#### Records provided ####
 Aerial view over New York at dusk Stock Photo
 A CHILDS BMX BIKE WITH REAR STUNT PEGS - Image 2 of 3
####
#### Records provided ####
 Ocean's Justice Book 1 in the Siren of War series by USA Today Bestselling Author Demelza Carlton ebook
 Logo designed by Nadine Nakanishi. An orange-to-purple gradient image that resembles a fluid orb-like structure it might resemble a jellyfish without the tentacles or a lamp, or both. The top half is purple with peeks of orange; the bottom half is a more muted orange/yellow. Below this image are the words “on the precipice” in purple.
####
#### Records provided ####
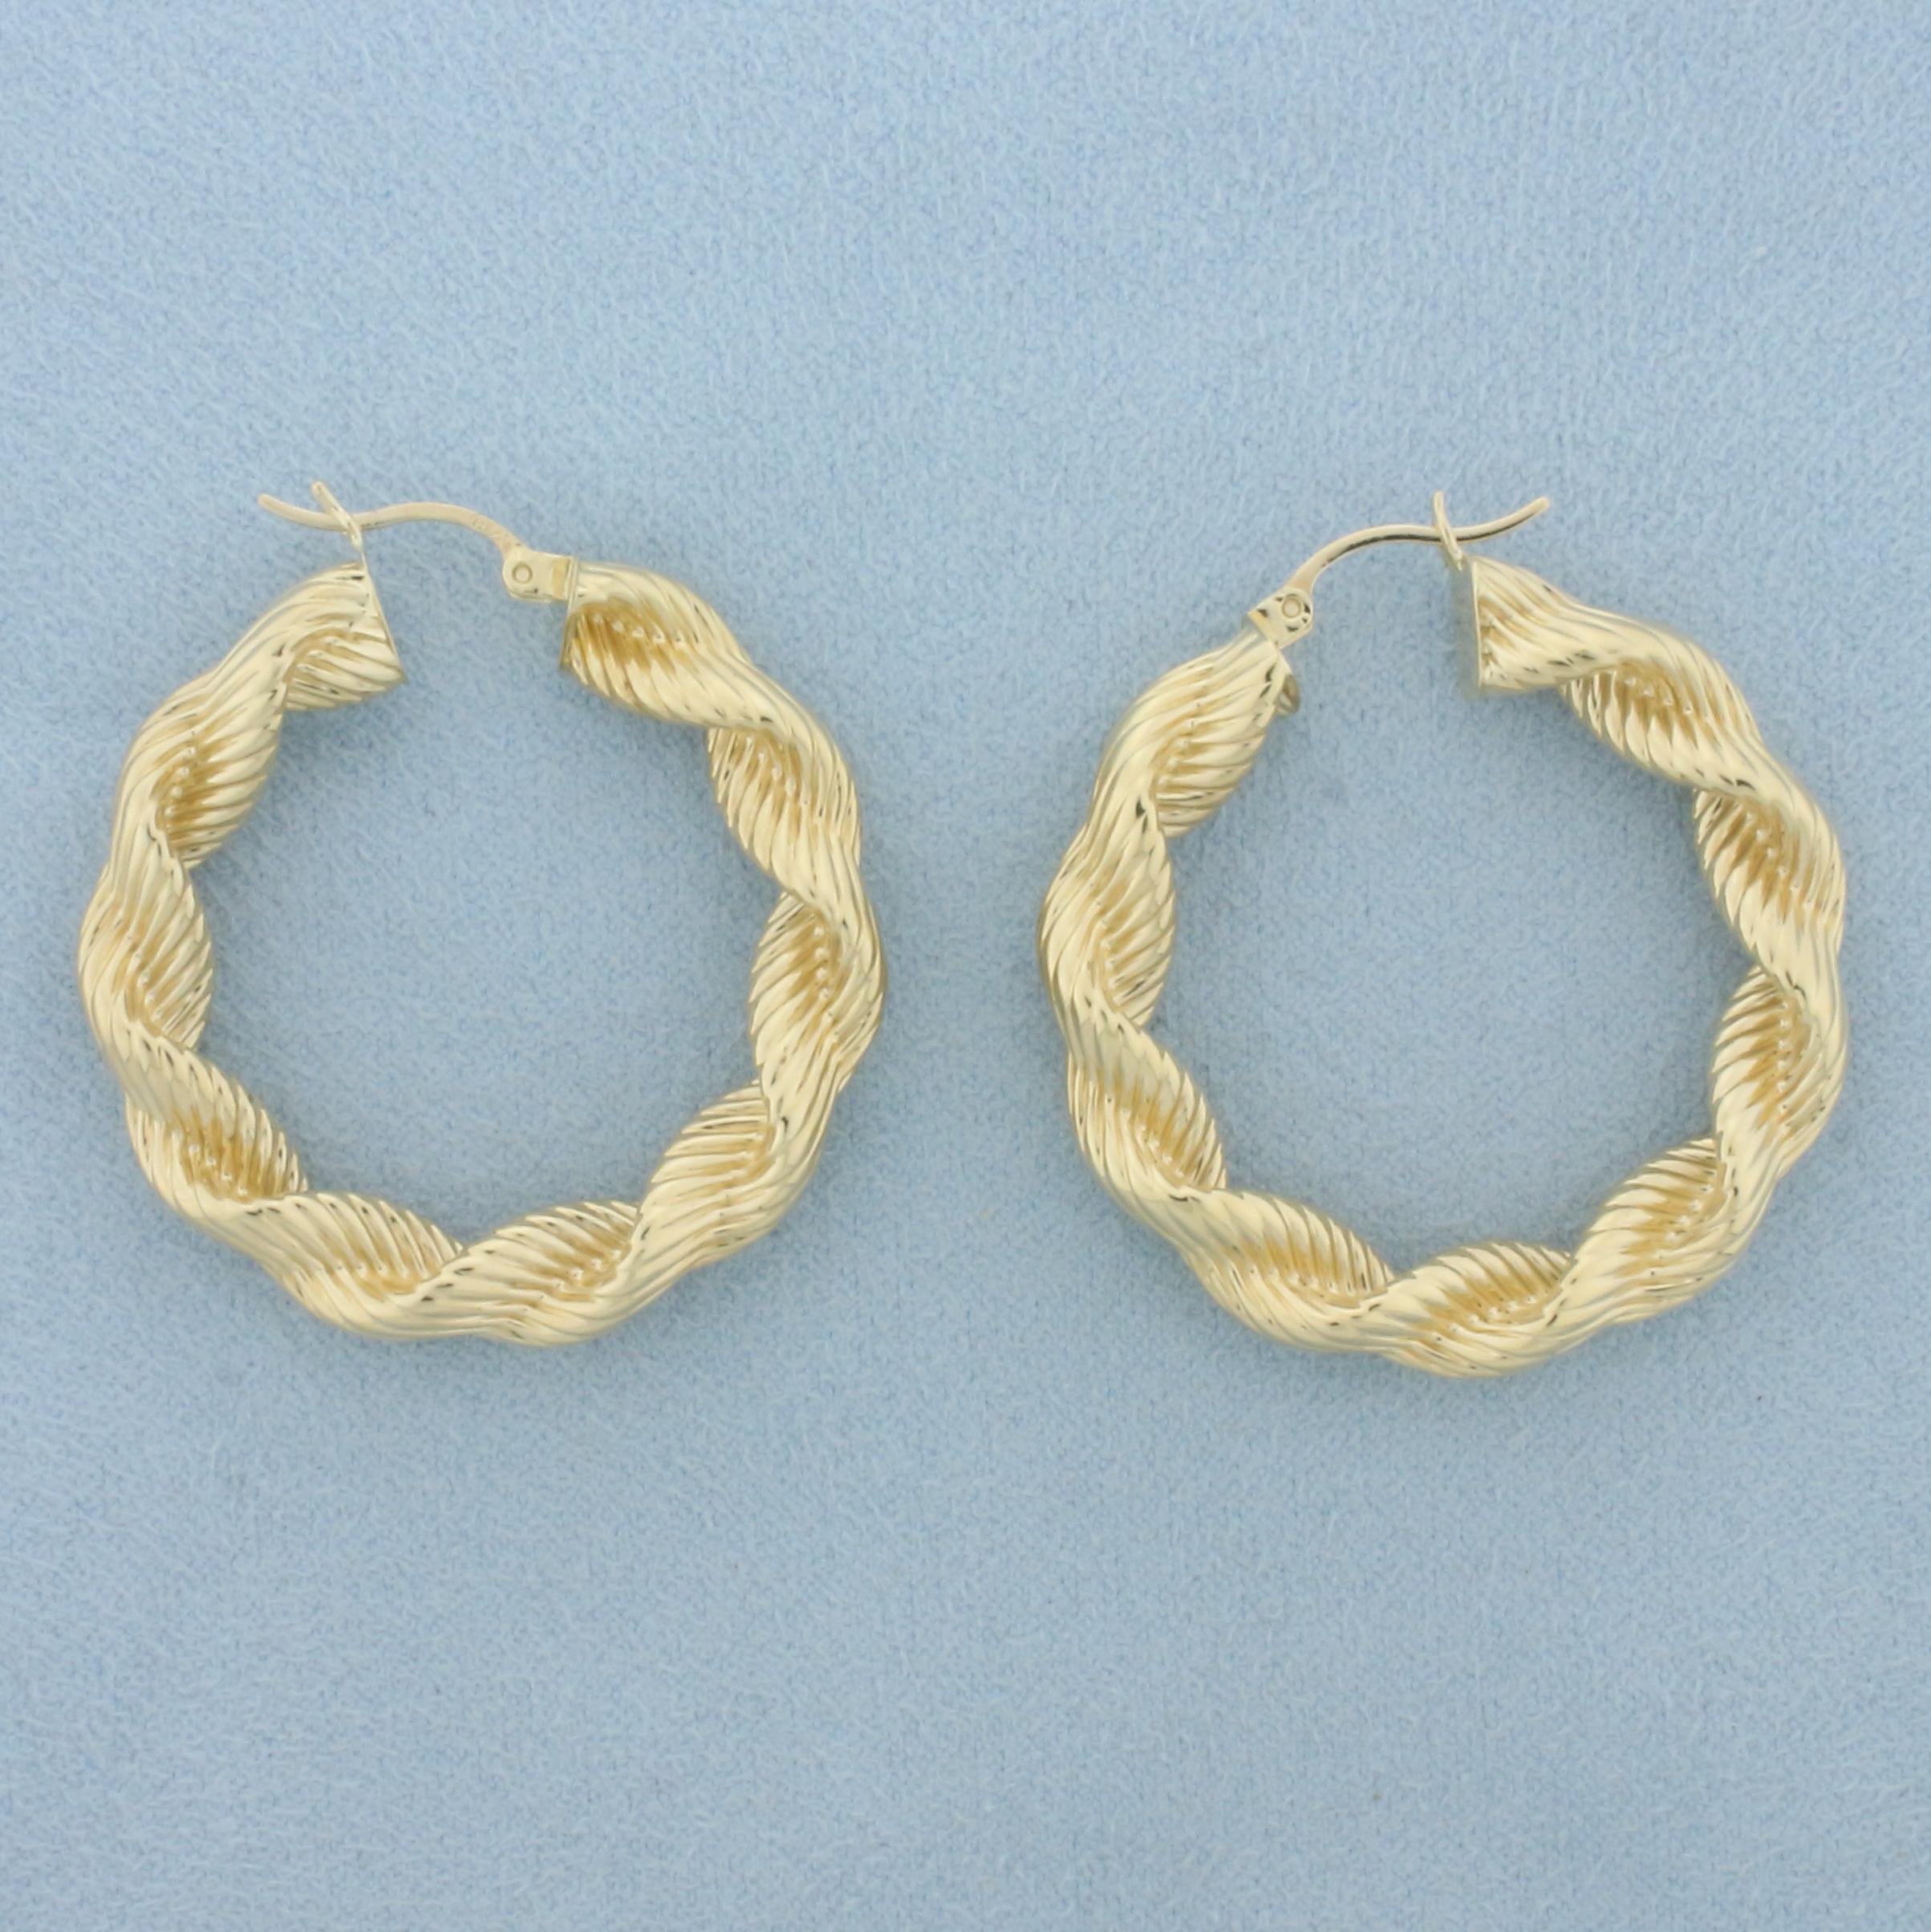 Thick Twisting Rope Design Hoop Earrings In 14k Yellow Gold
####
• What to work on:
Copy the records above exactly, beginning at the line that contains "Aerial view over" and stopping after the line that contains "A CHILDS BMX".

• Answer space:
 Aerial view over New York at dusk Stock Photo
 A CHILDS BMX BIKE WITH REAR STUNT PEGS - Image 2 of 3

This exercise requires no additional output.